The memory usage reported by guppy differ from ps command
possibly due to swapping/memory reservation, based on ps's definition:
RSS: resident set size, the non-swapped physical memory
that a task has used (in kiloBytes).
VSZ: virtual memory usage of entire process.
vm_lib + vm_exe + vm_data + vm_stack
it can be a bit confusing, 4 different size metrics can be seen with:
# ps -eo pid,vsz,rss,sz,size,cmd|egrep python
PID VSZ RSS SZ SZ CMD
23801 4920 2896 1230 1100 python
the virtual size includes memory that was reserved by the process and not used, the size of all shared libraries that were loaded, pages that are swapped out, and blocks that were already freed by your process, so it could be much larger than the size of all live objects in python.
some additional tools to investigate memory performance:
Heapy (part of Guppy, which you are using): http://guppy-pe.sourceforge.net/
Python Memory Validator http://www.softwareverify.com/python/memory/index.html
PySizer http://pysizer.8325.org/
good guide on tracking down memory leaks in python using pdb and objgraph:
http://www.lshift.net/blog/2008/11/14/tracing-python-memory-leaks
As pointed out above the RSS size is what you're most interested in here. The "Virtual" size includes mapped libraries, which you probably don't want to count.
It's been a while since I used heapy, but I am pretty sure the statistics it prints do not include overhead added by heapy itself. This overhead can be pretty significant (I've seen a 100MB RSS process grow another dozen or so MB, see http://www.pkgcore.org/trac/pkgcore/doc/dev-notes/heapy.rst ).
But in your case I suspect the problem is that you are using some C library that either leaks or uses memory in a way that heapy does not track. Heapy is aware of memory used directly by python objects, but if those objects wrap C objects that are separately allocated heapy is not normally aware of that memory at all. You may be able to add heapy support to your bindings (but if you do not control the bindings you use that is obviously a hassle, and even if you do control the bindings you may not be able to do this depending on what you are wrapping).
If there are leaks at the C level heapy will also lose track of that memory (RSS size will go up but heapy's reported size will stay the same). Valgrind is probably your best bet to track these down, just as it is in other C applications.

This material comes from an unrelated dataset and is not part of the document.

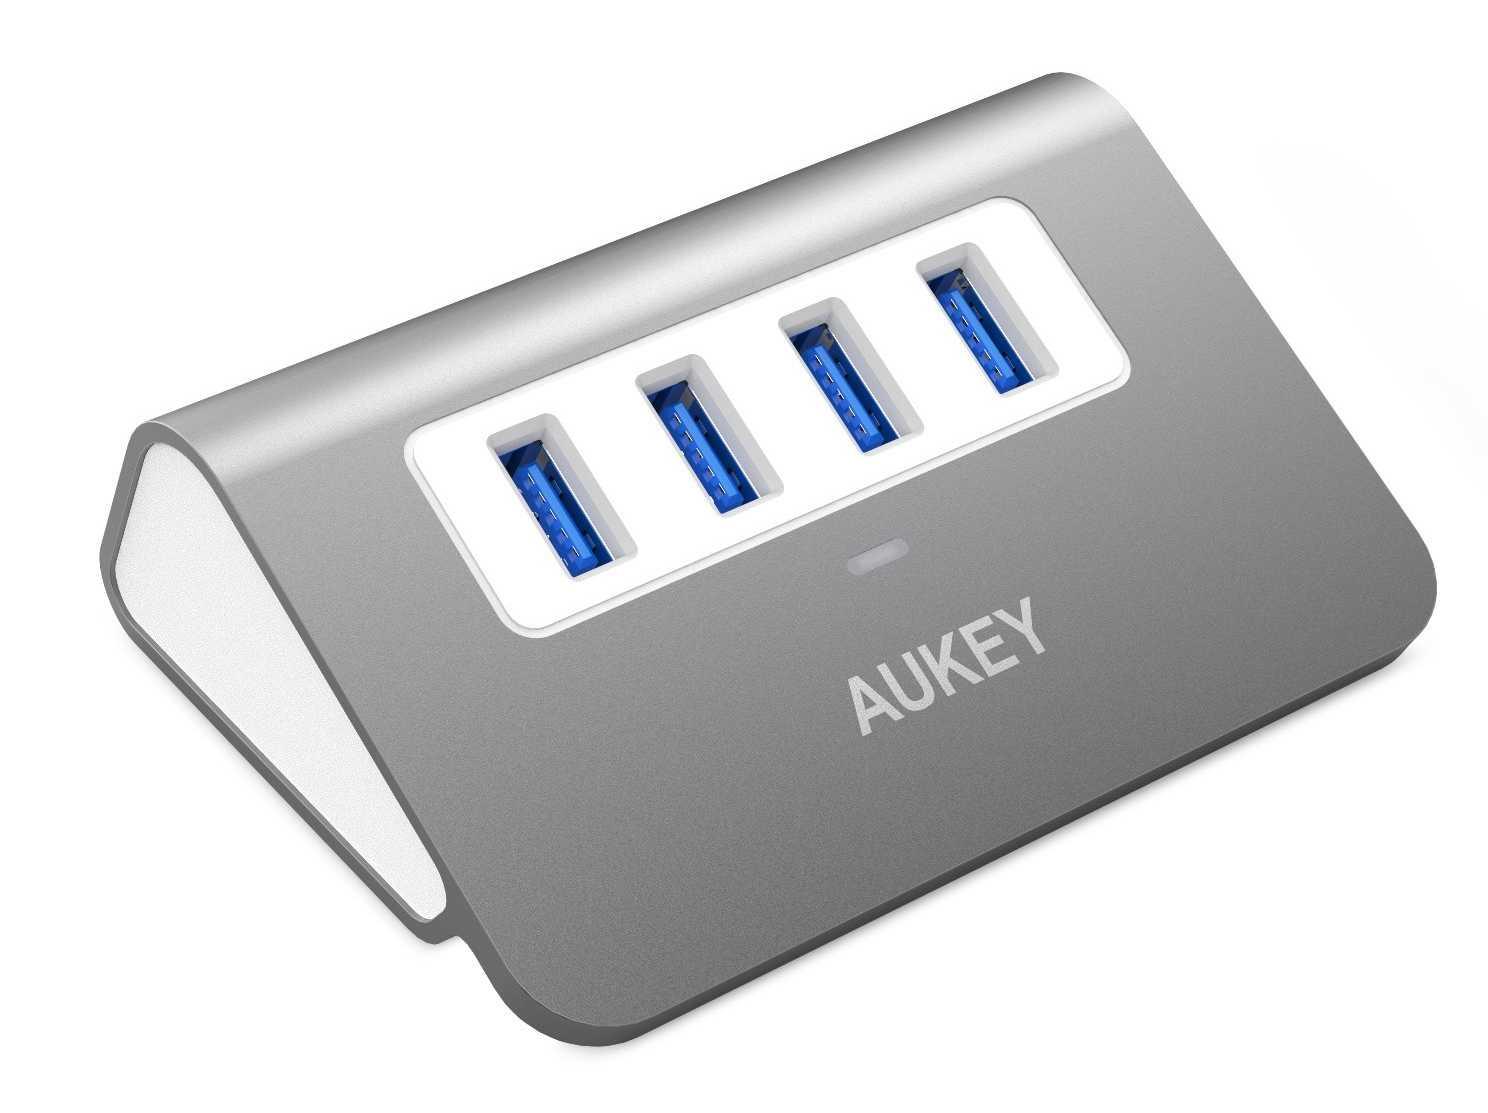 hub-usb-aukey-e1471264580405 Promo : enceinte Bluetooth, hub USB et câbles USB à ne pas manquer !

Finally: memory fragmentation will often cause your memory usage (as seen in top) to go up but not down (much). This is usually not that much of a problem with daemons, since the process will reuse this memory, it's just not released back to the os, so the values in top do not go back down. If memory usage (as seen by top) goes up more or less linearly with the number of users (connections), does not go back down, but also does not keep growing forever until you hit a new maximum number of users, fragmentation is probably to blame.